Work instruction: Give again, word for word, the line holding "The Hilton’s middle" and every line after it through the end of the data below. Omit pictures.
--- Data excerpt ---
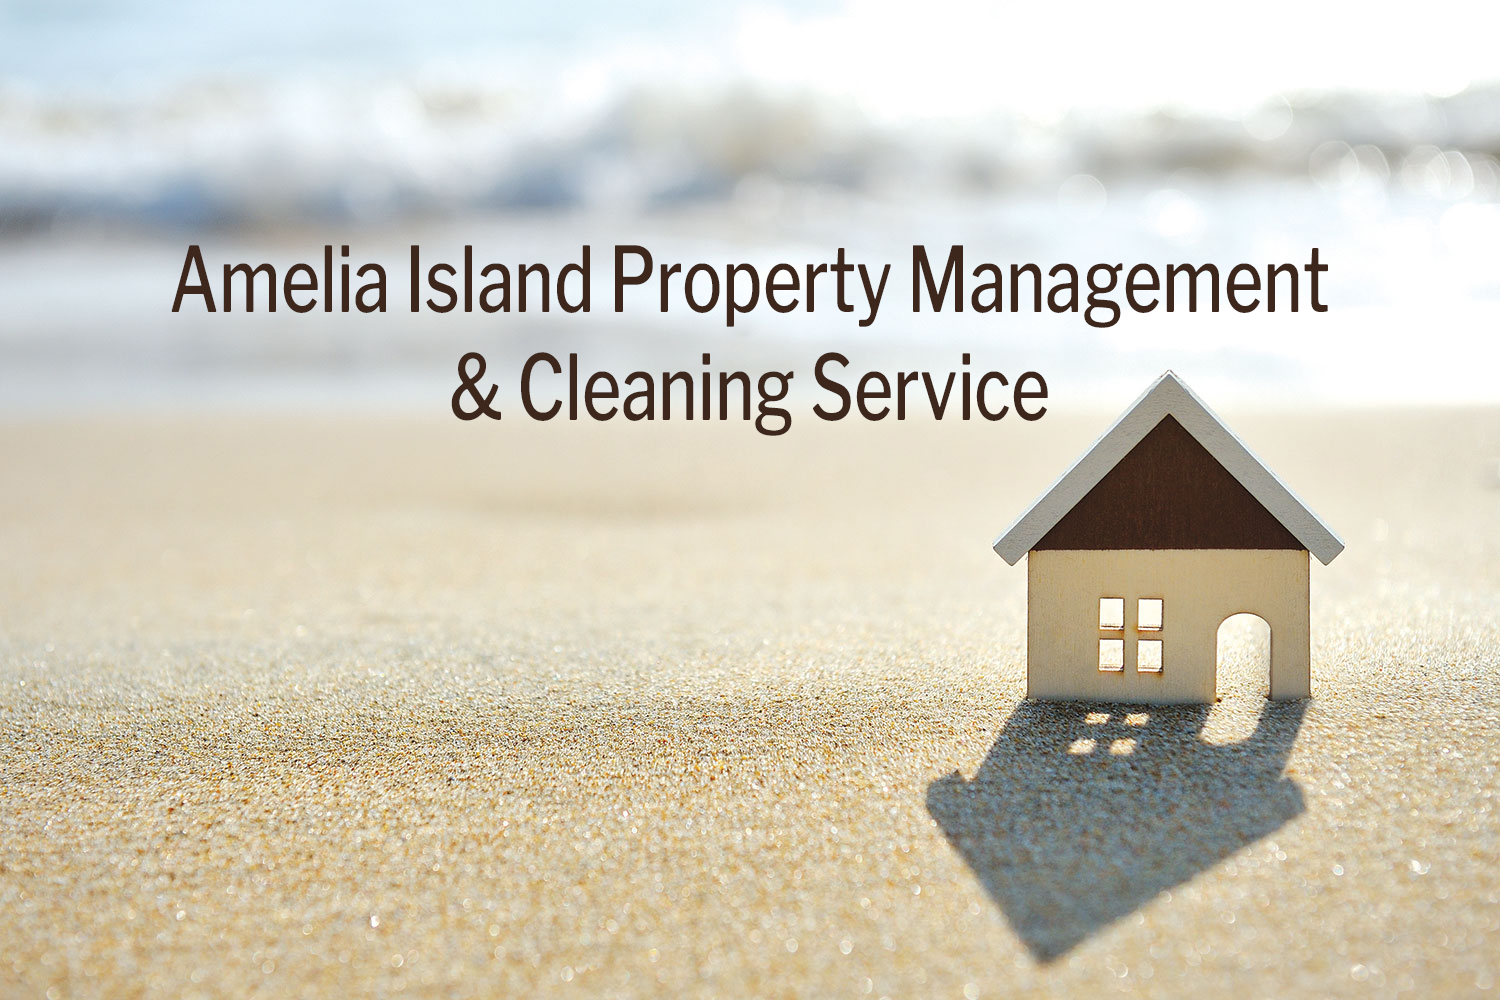 Amelia Island Property Management & Cleaning Service
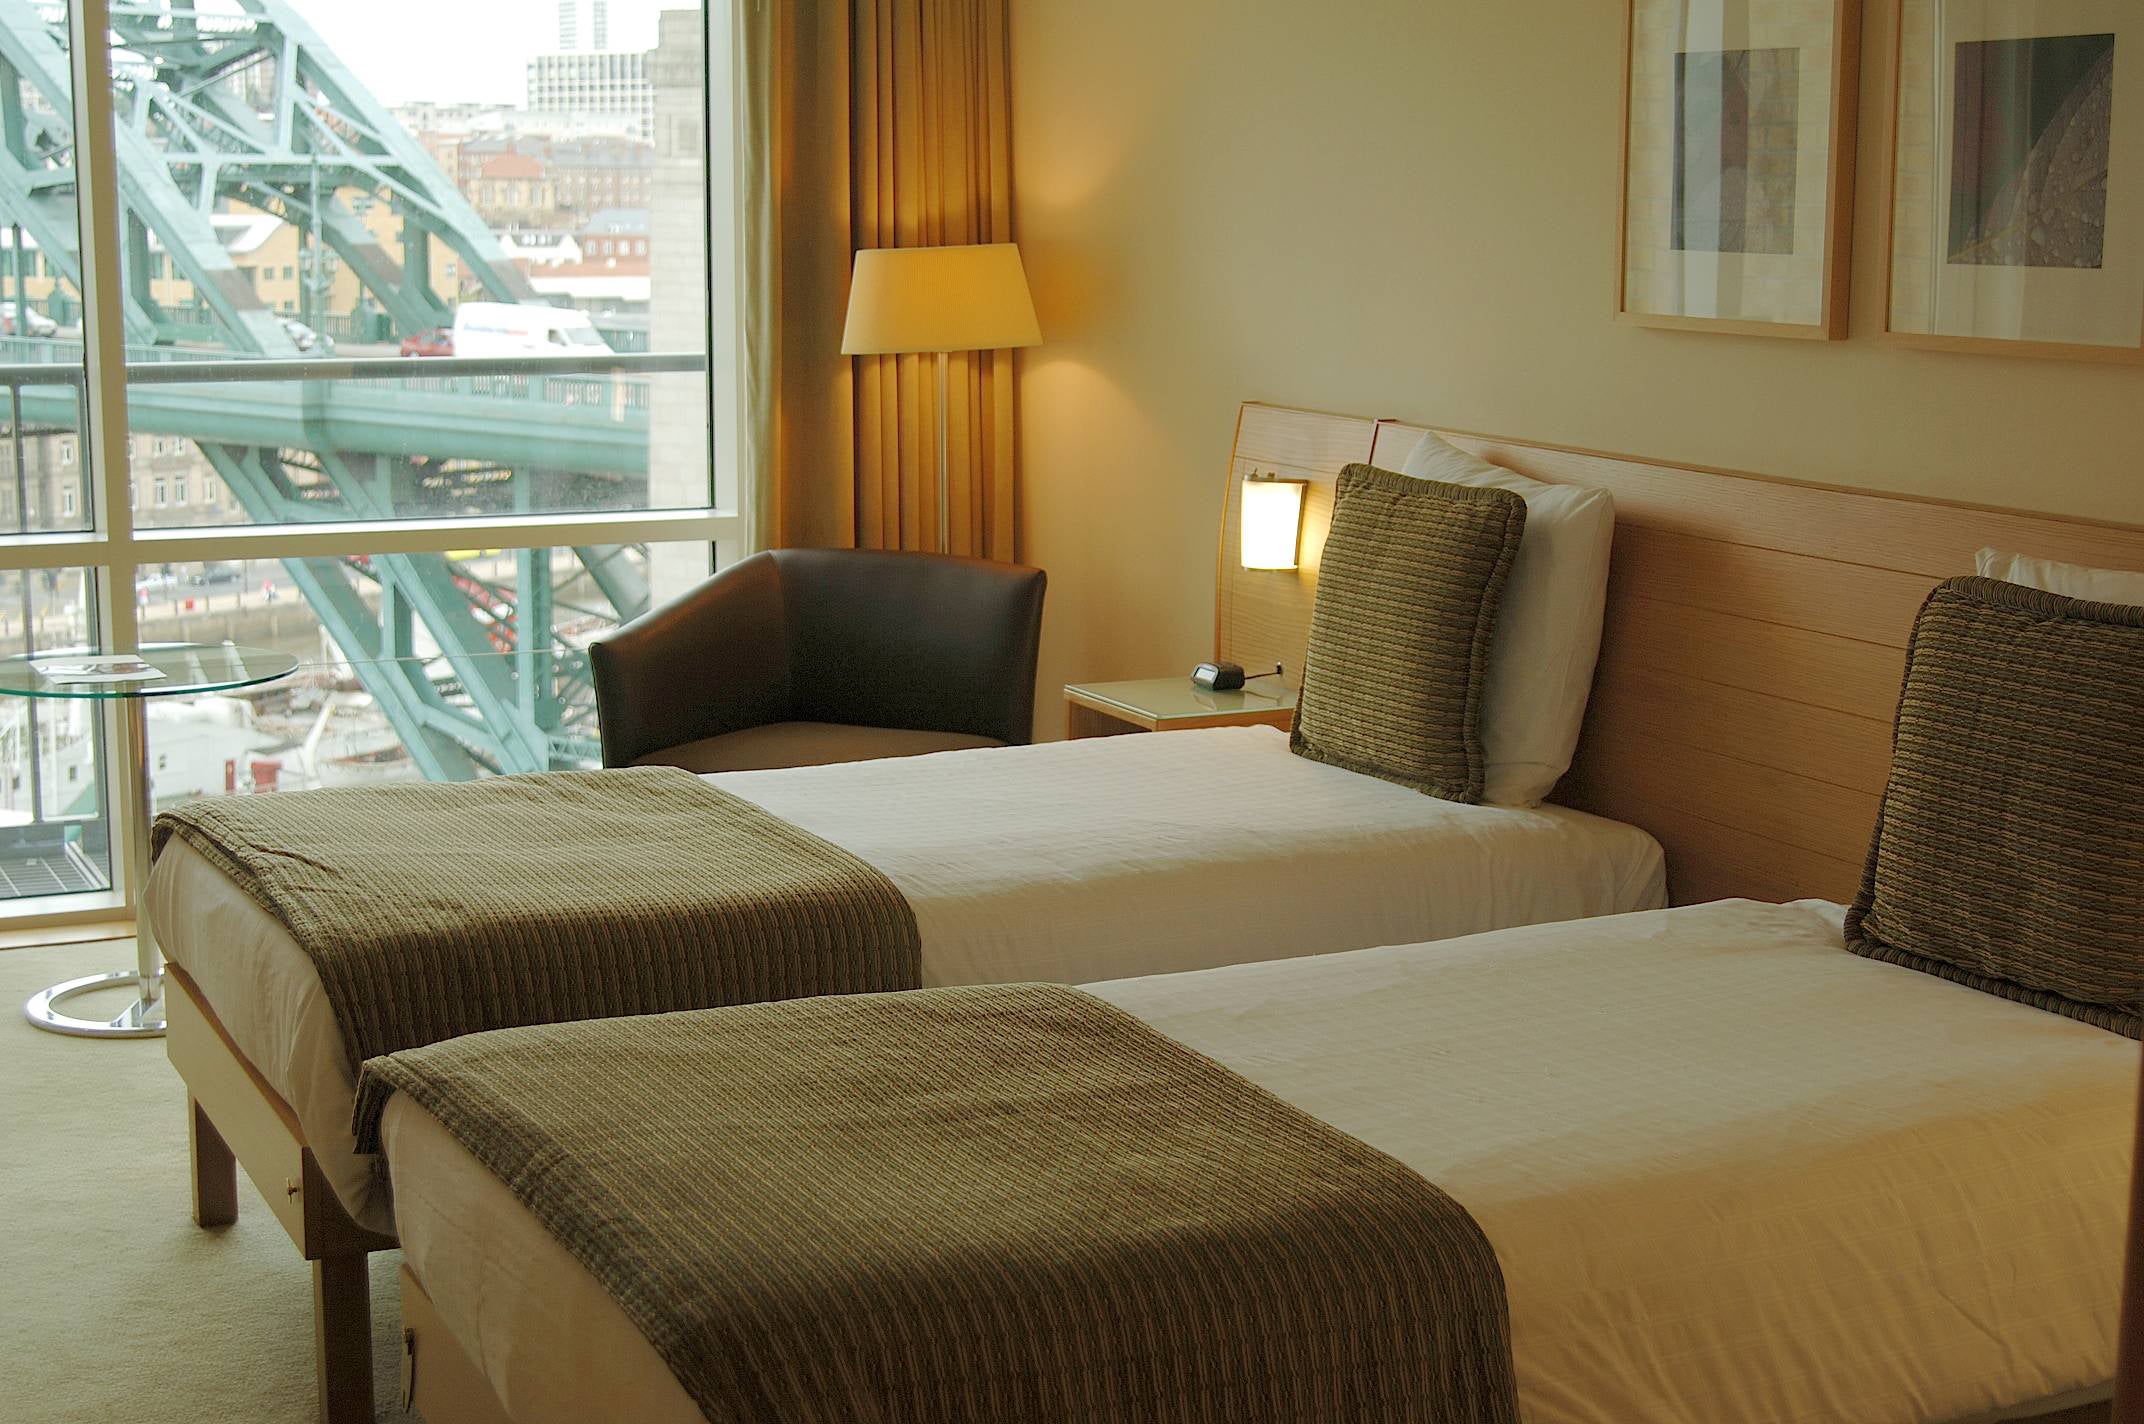 The Hilton’s middle fourth or fifth floors offer ample opportunities for bridge-watching (H
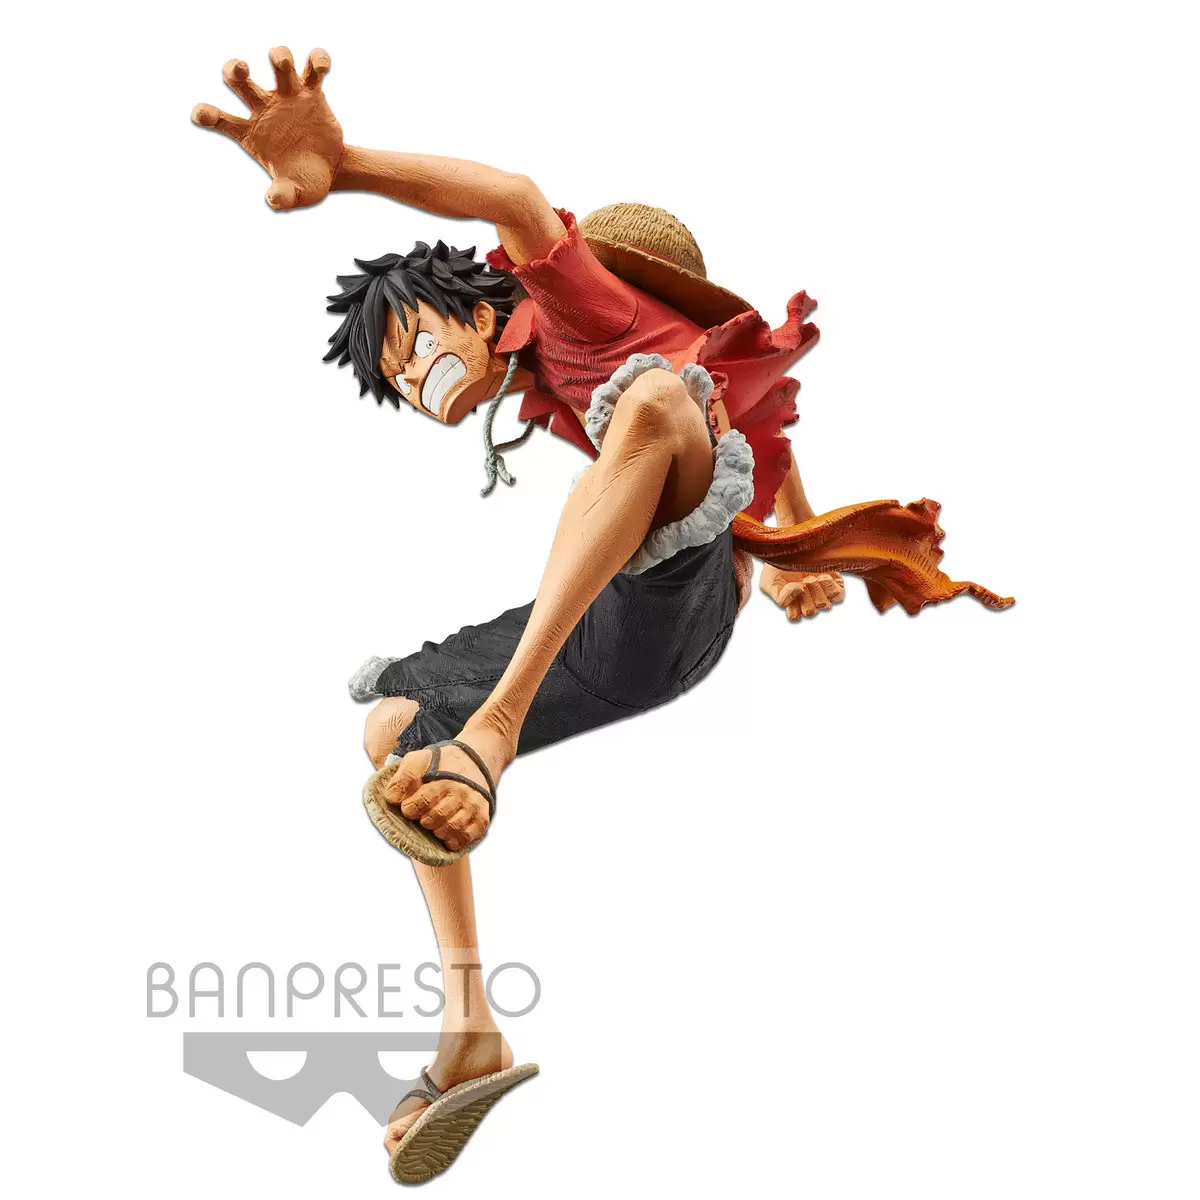 One Piece Monkey D. Luffy Figure - Chronicle King Of Artist
---
Written answer:
 The Hilton’s middle fourth or fifth floors offer ample opportunities for bridge-watching (H
 One Piece Monkey D. Luffy Figure - Chronicle King Of Artist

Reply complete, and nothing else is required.